This article was written for Annabel & Grace, which is now part of Rest Less.
Spiced lamb with dates, feta & tahini
Ingredients serves 4
8 lamb cutlets
5 tabs olive oil
2 tsp ground cumin
3 garlic cloves, crushed
1 tsp cayenne
Juice of 1 lemon
50ml plus 2 tabs extra virgin olive oil
50g tahini
4 tbsp Greek yoghurt
salt and pepper
10 fat soft dates, pitted and quartered
100g barrel-aged feta cheese, crumbled
Leaves from a big bunch of mint, torn if large
Fronds from a bunch of dill, very roughly chopped
Baby leaves or micro leaves
1 tbsp white balsamic vinegar
¼ tsp sumac
How to prepare
Put the lamb in a shallow container with the regular olive oil, cumin, two of the garlic cloves, the cayenne pepper and half the lemon juice. Turn, cover and chill for 30 mins to 2 hours.
Tip the remaining garlic and lemon juice, the 50ml of extra virgin olive oil, tahini, yoghurt and seasoning into a blender, pour in 50ml of water and whizz. It should be the consistency of thick double cream, so add more water if you need to, then check the seasoning.
Heat a griddle or frying pan until really hot.

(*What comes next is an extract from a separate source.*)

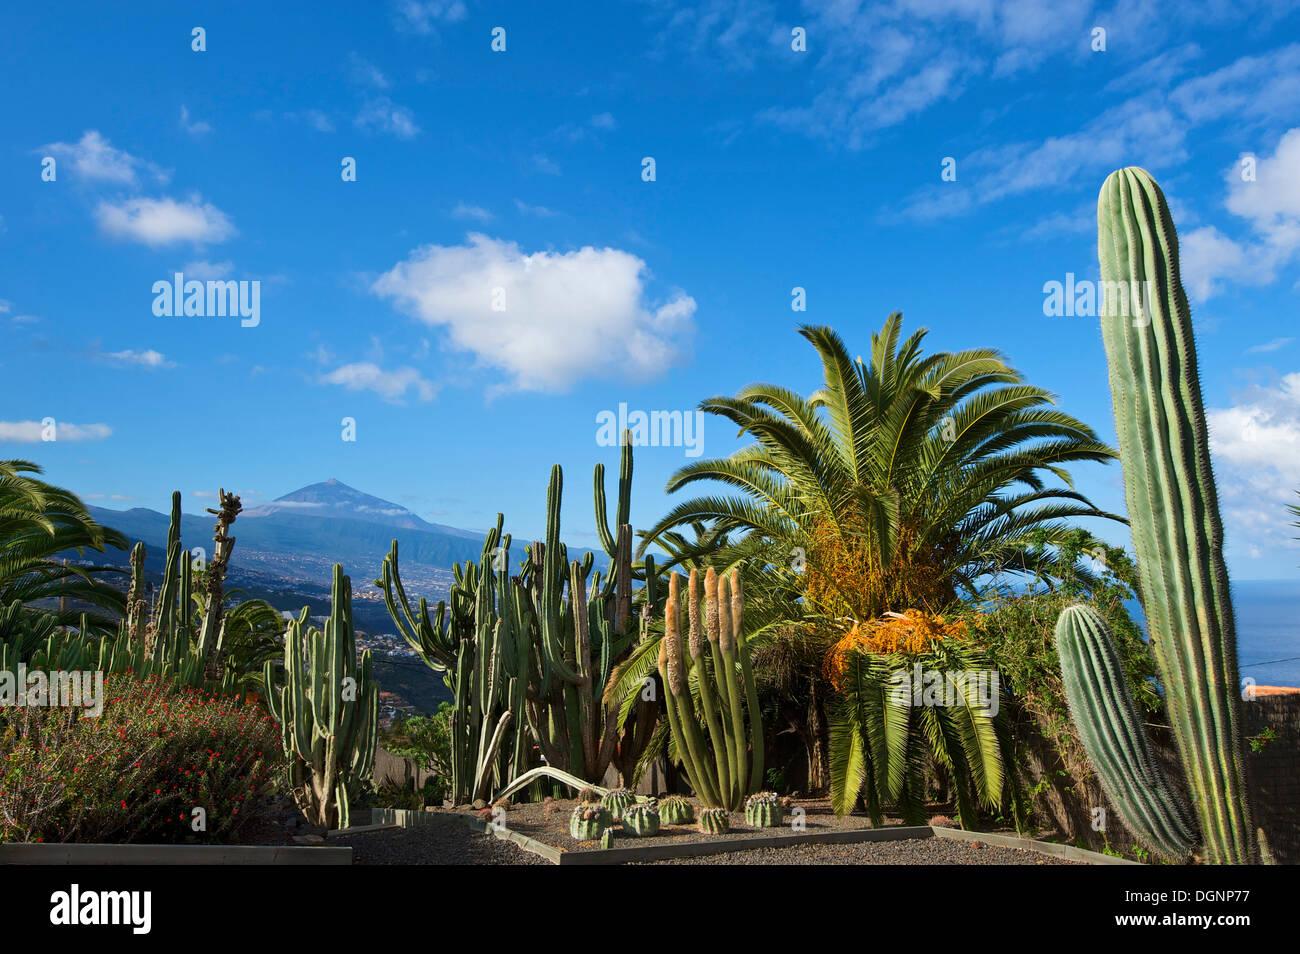 Kakteengarten in El Sauzal mit Blick auf den Teide Vulkan, Teneriffa, Kanarische Inseln, Spanien, Europa Stockbild

Lift the cutlets out of the marinade, shaking off excess, and cook over a high heat, seasoning as you do, until you like them.
Put the dates, feta cheese, herbs and salad leaves on to a platter and toss with seasoning, the vinegar and 2 tbspn extra virgin olive oil.
Put the cutlets on top, drizzle on some of the dressing (serve the rest on the side) and sprinkle on the sumac.
Serve immediately.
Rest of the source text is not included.